The dividing head was now rotated up to vertical to do the drilling for the mounting holes. I didn't show the indicating but the part was still true from the horizontal setup. The holes were center drilled and drilled .062 diameter for 0-80 screws.


----------



## Krown Kustoms (Sep 8, 2009)

Nice bender, A little off topic but would you mind showing a pic of the other side.
Just curious what your tube stop is.
-B-


----------



## gbritnell (Sep 8, 2009)

I only drilled deep enough to do one flange at a time as I didn't trust drilling to deeply and have the drill wander. That would have necessitated starting over so the little extra time was worth it. I don't much like cutting stainless steel even if its 303. The stock was put back in the lathe and the outer hub was cut down to .295 diameter x .062 long. Now the dreaded part, cutting off. On my Logan I have to manually change belts for my speeds so that added another step every time but trying to cut off at the turning rpm just gave me too much chatter. My cut off tool is a 3/8 high speed steel blank ground down to .045 wide and just long enough to part of the piece. The following picture is the hub being cut.

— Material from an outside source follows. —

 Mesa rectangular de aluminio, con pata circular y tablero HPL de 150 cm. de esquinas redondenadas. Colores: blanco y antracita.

Up next are the parts, the main pipe, the individual headers and the flanges.


----------



## gbritnell (Sep 8, 2009)

The main pipe was bent a little less than 90 degrees. I just thought that it would look neater that way. Everyone has their own preferences. I mounted the flanges on the head to hold the pipes while fitting them to the main tube. I first held the individual pipes up to the main pipe and marked them with marker pen leaving them about .04 proud. I then ground a rough notch in them with the bench grinder. To finish the radius I used a smooth rat tail file and a .25 diameter mounted stone in my Dremel grinder. This was the most tedious part, fitting, grinding and more fitting. I had a little wiggle room with the pipe as the total thickness of the flange is .125. After fitting each pipe to the main tubing I then marked the main tube with a fine point marker and ground out the openings about .04 smaller than the marked line. 

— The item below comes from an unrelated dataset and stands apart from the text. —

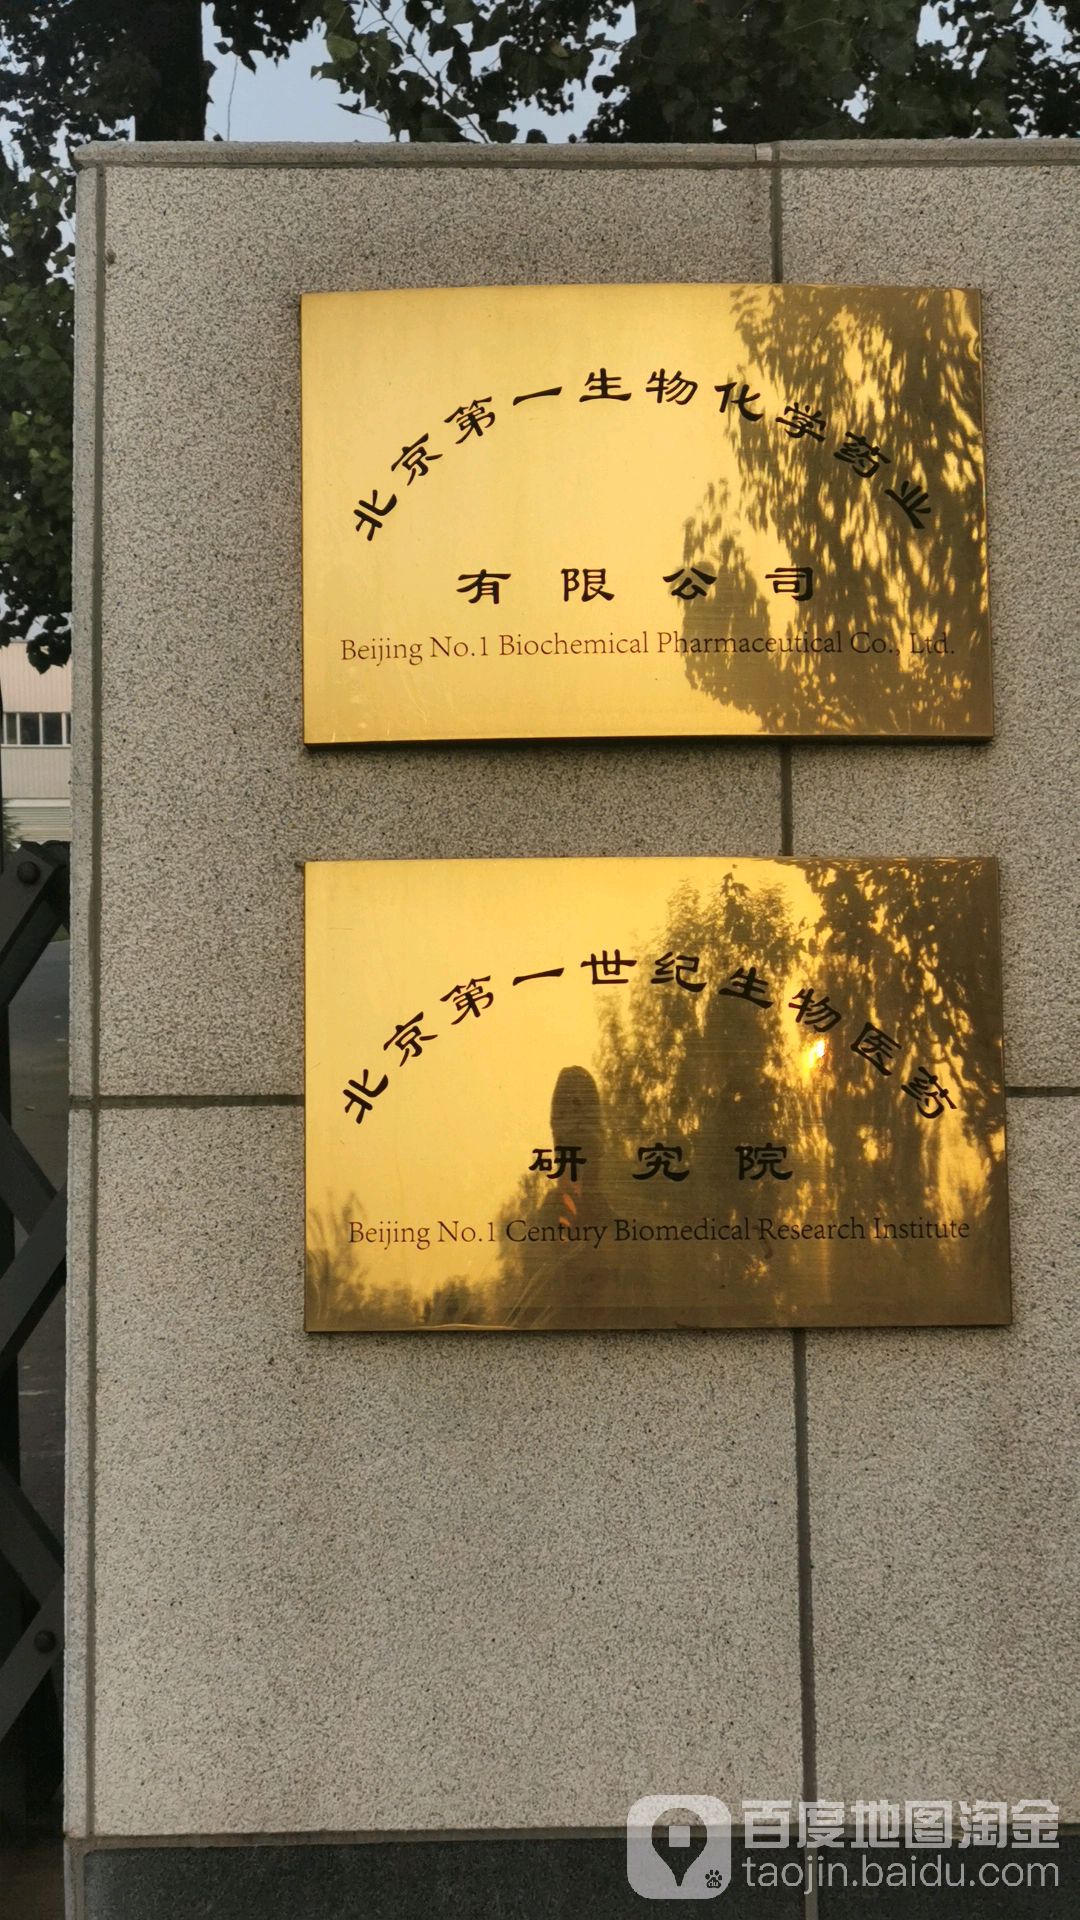 北京第一世紀生物醫藥研究院

The next shot shows all the parts held together with a rubber band. A little more grinding and everything fit fairly well. The smaller the gap the easier it will be to silver solder.


----------



## gbritnell (Sep 8, 2009)

After I was satisfied with the fits I took a piece of copper wire and bent it up to hold everything in place for soldering. I used the engine itself for the fixture not wanting to spend the time to make up a steel plate with eight 0-80 tapped holes. I removed the spark plugs and made insulator gaskets to keep the heat from transferring to the head. I have a miniature oxy-cetylene torch with some very small tips so my plan was to silver solder the pipes first and then just tack the flanges in place. Once done I would remove the assembly and finish doing the flanges. I must say that at this point everything went as planned. I don't have any pictures of the silver soldering as I didn't have enough hands to perform that task and take pictures. The only picture in this set is everything fluxed up and held together for soldering.


----------



## gbritnell (Sep 8, 2009)

After some judicious filing, remember the metal wall is only .025, with my small jewelers files and varying grades of emery cloth I got down to what you see in these pictures. Somewhere along the line I managed to put a tiny nick in the main pipe. I think I'll fill it with silver solder and then have the whole affair nickle plated this winter.


----------



## gbritnell (Sep 8, 2009)

The last two pictures show the before and after shots. The first being the new header and the second being the old straight pipes. I do think that the new header gives it a more racy look. 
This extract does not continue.